• Work order:
Where the material below has a line containing "I'm bringing 13", start repeating exactly, and keep going through the line containing "Maybelline Super Stay", with no other lines.

• Dataset content:
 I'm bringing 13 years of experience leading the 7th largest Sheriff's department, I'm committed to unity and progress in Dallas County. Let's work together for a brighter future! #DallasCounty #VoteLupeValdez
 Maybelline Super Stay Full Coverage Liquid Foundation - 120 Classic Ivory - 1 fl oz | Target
---
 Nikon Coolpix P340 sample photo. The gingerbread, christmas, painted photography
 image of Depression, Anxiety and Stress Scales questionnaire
==
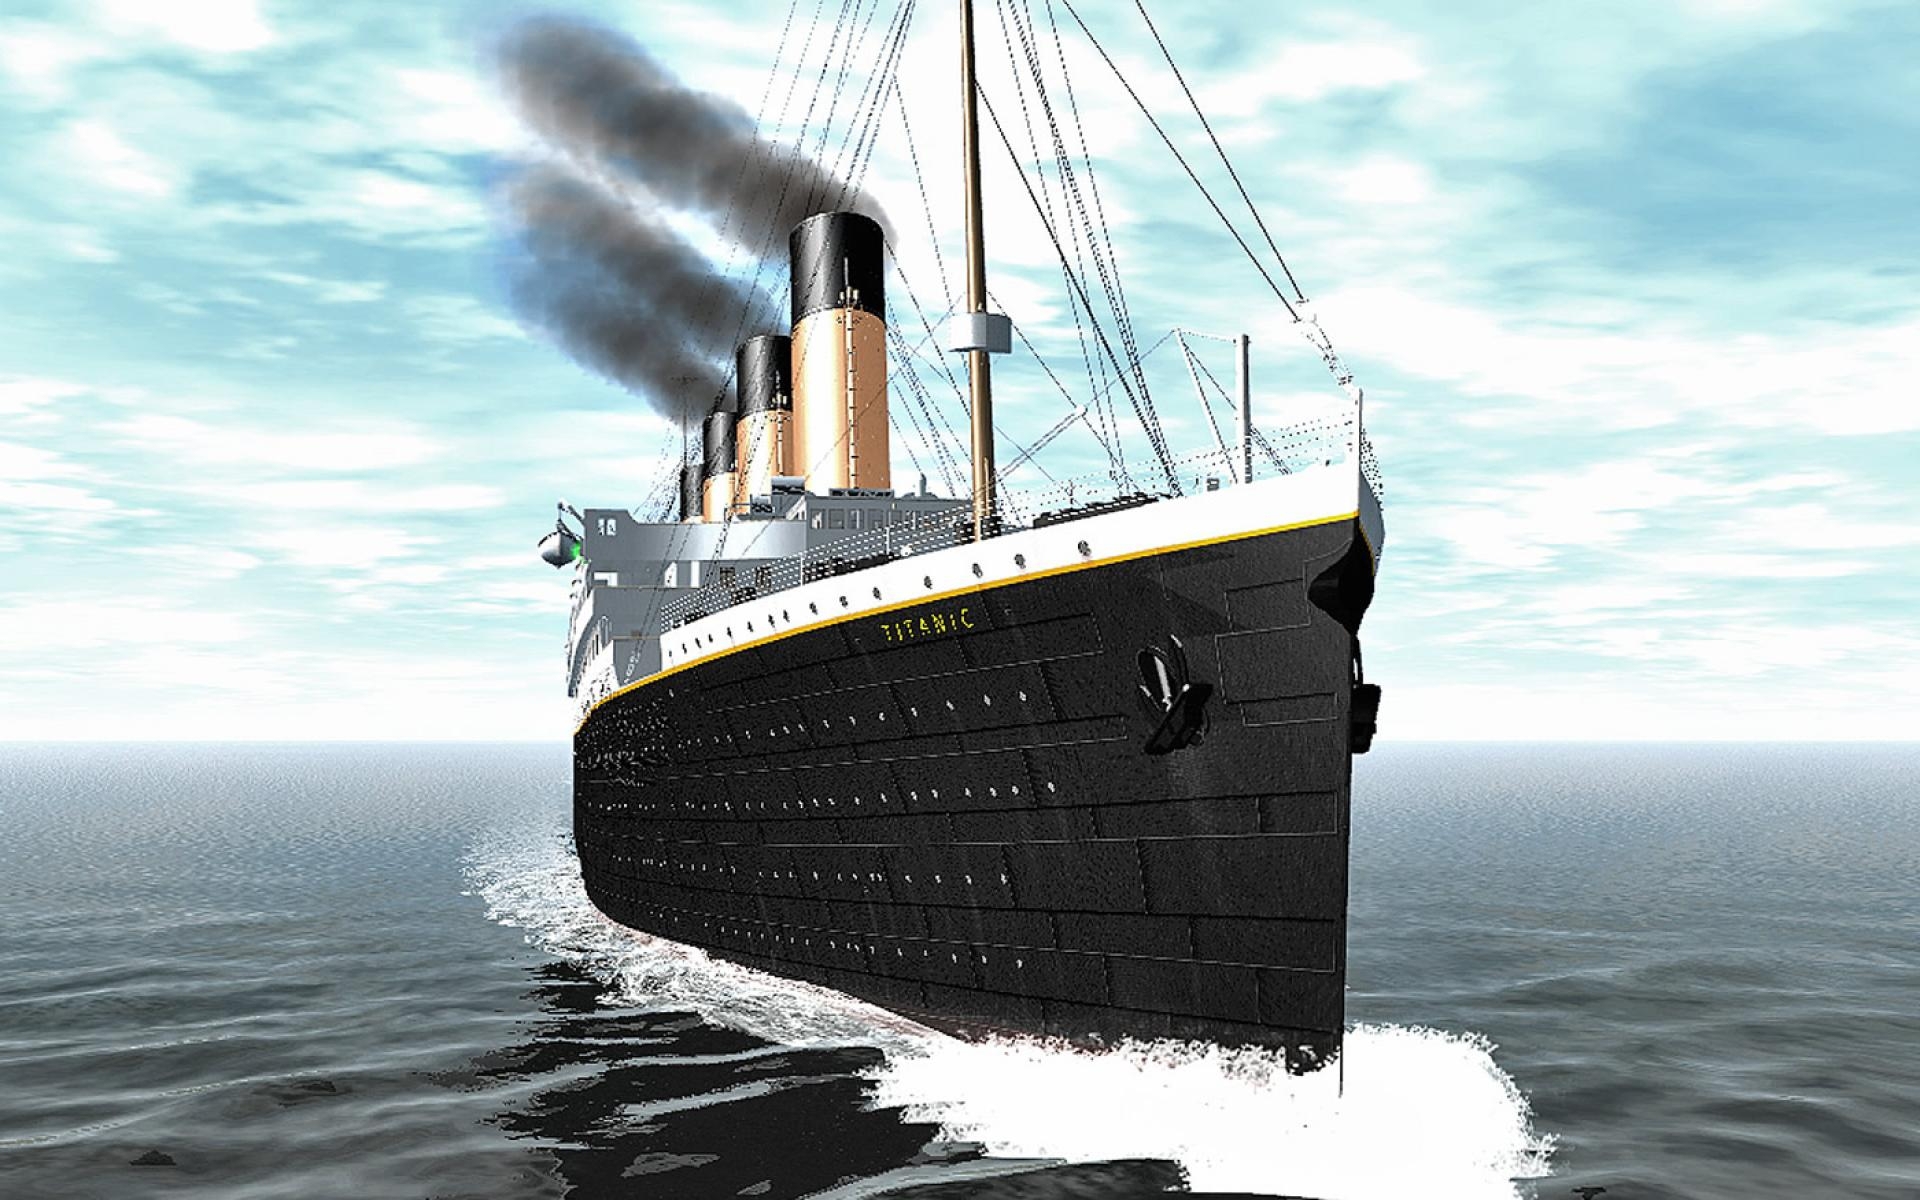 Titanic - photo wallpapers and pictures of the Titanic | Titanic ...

• Response to the task:
 I'm bringing 13 years of experience leading the 7th largest Sheriff's department, I'm committed to unity and progress in Dallas County. Let's work together for a brighter future! #DallasCounty #VoteLupeValdez
 Maybelline Super Stay Full Coverage Liquid Foundation - 120 Classic Ivory - 1 fl oz | Target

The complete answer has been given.